Consider a (finite-dimensional) real connected Lie group $G$ with Lie algebra $\frak{g}$. Take a generating set $\mathcal{G} = \{ X_1, \cdots X_n \} $ of $\frak{g}$, i.e. such that any element of $\frak{g}$ can be written as a linear combination of their nested commutators.
Any element in $g\in G$ may be written as a, possibly infinite, product of elements in the one-parameter subgroups of $\mathcal{G}$, $ g = e^{t_1 X_{i_1}} \cdots e^{t_k X_{i_k} } \cdots$.
For $\mathrm{SL}(2,\mathbb{R})$ all possible minimal generating sets have been characterized and the order of generation computed (this is the minimal number $N$ such that $\prod_{i=1}^N e^{t_i X_{i_N}}$ cover all of $G$). Namely, this number is finite (and not smaller than 4) as long as the generators are not all "compact". If we treat this group/algebra as a matrix group/algebra, this condition is equivalent to not all generators having imaginary eigenvalues.
Is there a condition on a Lie group $G$ which determines whether there exists a finite set of $\{X_i\}$ such that the "minimal sequences" necessary to obtain any $g\in G$ are finite, in the case that $G$ is connected semisimple (non-compact, otherwise I think this is a well known result)? Can one compute the minimal number of generators and corresponding "length of generation" $N$ for any such Lie group?
Assuming $G$ satisfies the above condition, are there some known necessary and/or sufficient conditions which determine whether a given set $\{ X_i \}$ will finitely generate $G$ in the meaning above?
What are some examples beyond $\operatorname{SL}(2,\mathbb{R})$? I'm especially interested in the simple classical Lie groups $\operatorname{SL}(n,\mathbb{C}), \operatorname{SO}(n,\mathbb{C}), \operatorname{Sp}(n,\mathbb{C})$.
Best Answer
Let $G$ be a connected simple Lie group with finite center. Let $S$ be a generating subset of $G$ (symmetric with $1$) such that $S^n$ has nonempty interior for some $n$ (this is automatic if $S$ is $\sigma$-compact, by the Baire theorem). In the paper "On lengths on semisimple groups" (J. Topol. Anal. 2009) I proved the following: either $G=S^N$ for some $n$, or $S^k$ has compact closure for all $k$.
(In the paper it is stated equivalently in terms of lengths: every locally bounded length is either bounded or proper. For the word length relative to $S$, "locally bounded" means that $S^n$ has nonempty interior for some $n$, bounded means $S^N=G$ for some $n$, proper means each $S^k$ has compact closure for each $k$.)

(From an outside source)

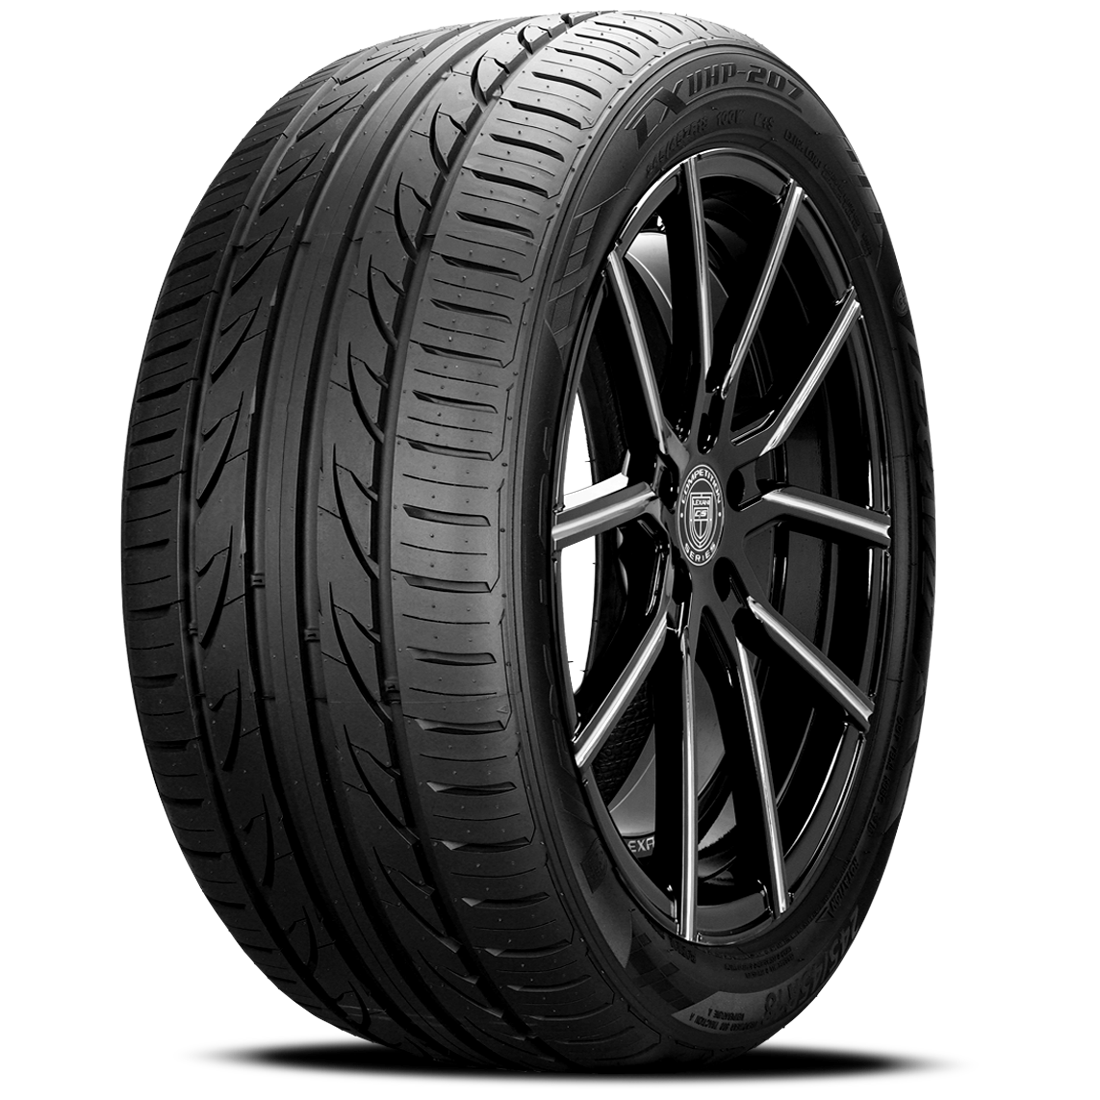 LEXANI LXUHP-207 215/35ZR18 (23.9X8.5R 18) Tires

Let $X=(X_1,\dots,X_p)$ be a generating family of the Lie algebra, generating 1-parameter subgroups $$P_i=\{\exp(tX_i):t\in\mathbf{R}\}; \qquad S_X=\bigcup_{1\le i\le p}P_i.$$ Apply the above to $S=S_X$. Then we see that either $S^N=G$ for some $N$, or $S^k$ has compact closure for all $k$. In the second case, all $P_i$ have to have compact closure. In the second case, assuming $G$ non-compact, we deduce that for some $i$, $P_i$ has a noncompact closure.
When $G$ is semisimple with finite center, I think one can show something similar: namely, if $T_j$ are the noncompact simple factors of $G$ (view them as quotients of $G$), then for each $j$ there exists $i$ such that the projection of $\exp(\mathbf{R}X_i)$ to $T_j$ has noncompact closure. (I guess this follows from Proposition 1.6 of the above reference.)
I'm not sure what happens beyond these (important) cases.